Similarly, in September 1998, the NRC published a final rule on financial assurance requirements for decommissioning nuclear power reactors. Among other things, the rule (1) broadens allowable funding assurance mechanisms to include some decommissioning expenses that many states are imposing as part of their deregulation initiatives; (2) requires licensees to report biennially on the status of their decommissioning funds; and (3) allows a 2% annual rate of return credit for decommissioning fund earnings if a public utility commission has not allowed some other rate.

In December 1998, the NRC developed a rule to streamline the license transfer hearing process.
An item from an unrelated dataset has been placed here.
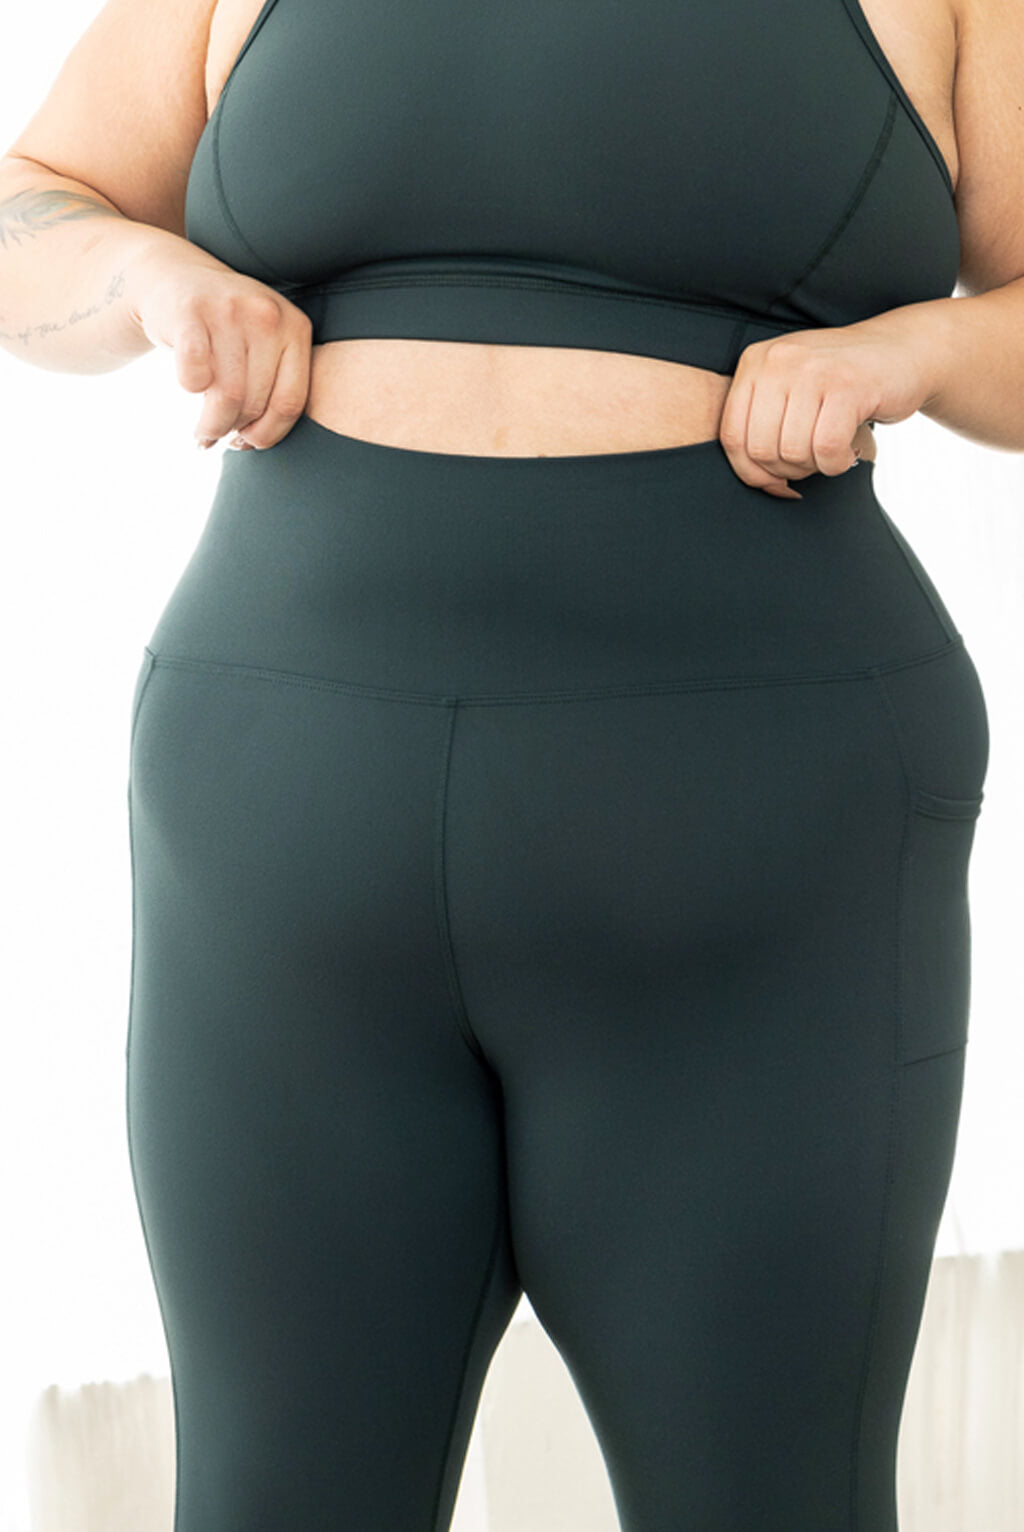 Plus Size Leggings with Pockets in Evergreen_high compression waist band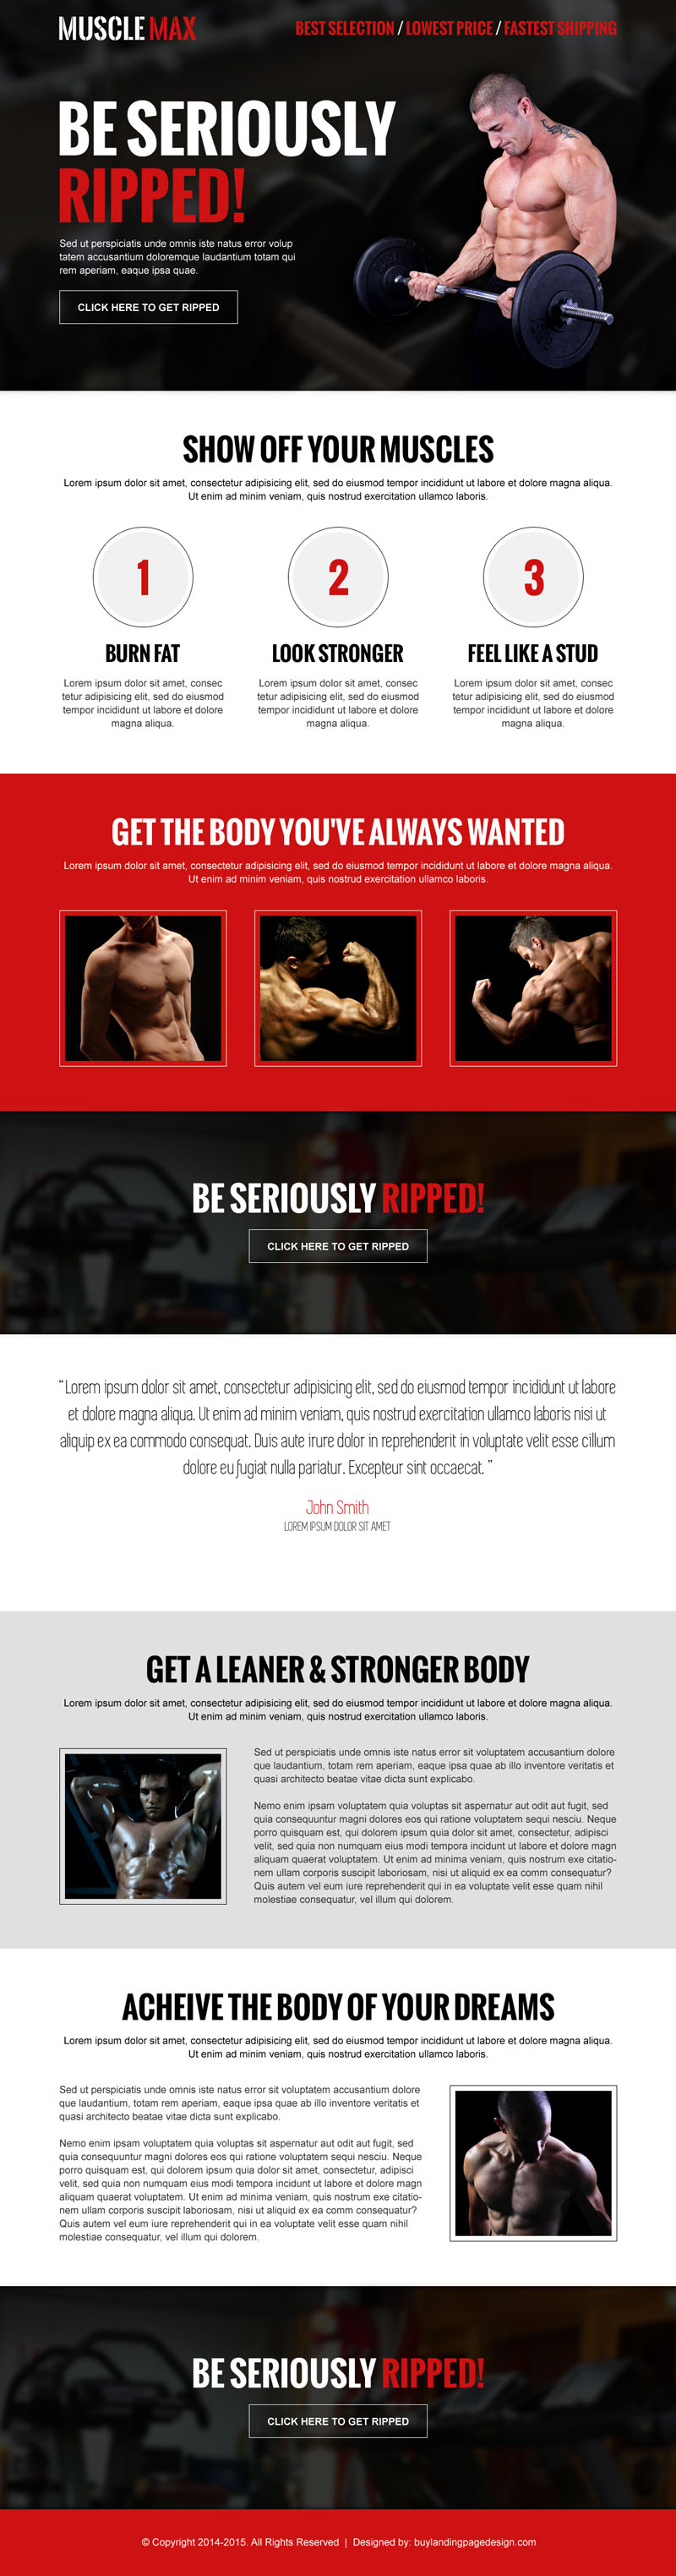 muscle-max-bodybuilding-call-to-action-responsive-landing-page-design-templates-003

It established a more informal, speedier hearing process and eliminated the need for case-specific Environmental Assessments and No Significant Hazards determinations.

In addition, the NRC has developed the following guidance:

Antitrust Standard Review Plan (SRP), NUREG-1574, December 1997;

Power Reactor Licensee Financial Qualifications and Decommissioning Funding Assurance, NUREG-1577, Rev. 1, March 1999,

Management and Technical Support SRP, NUREG-0800, November 1999,

Integrated SRP on All Aspects of License Transfers, NUREG/BR-0276, April 2000,

Changes Concerning Foreign Ownership, Control, or Domination of Nuclear Reactor Licensees, Regulatory Information Summary (RIS)-00-001, February 1, 2000, and

Criteria for Triggering a Review Under 10 CFR 50.80 for Non-Owner Operator Service Companies, Regulatory Information Summary (RIS)-01-006, February 15, 2001.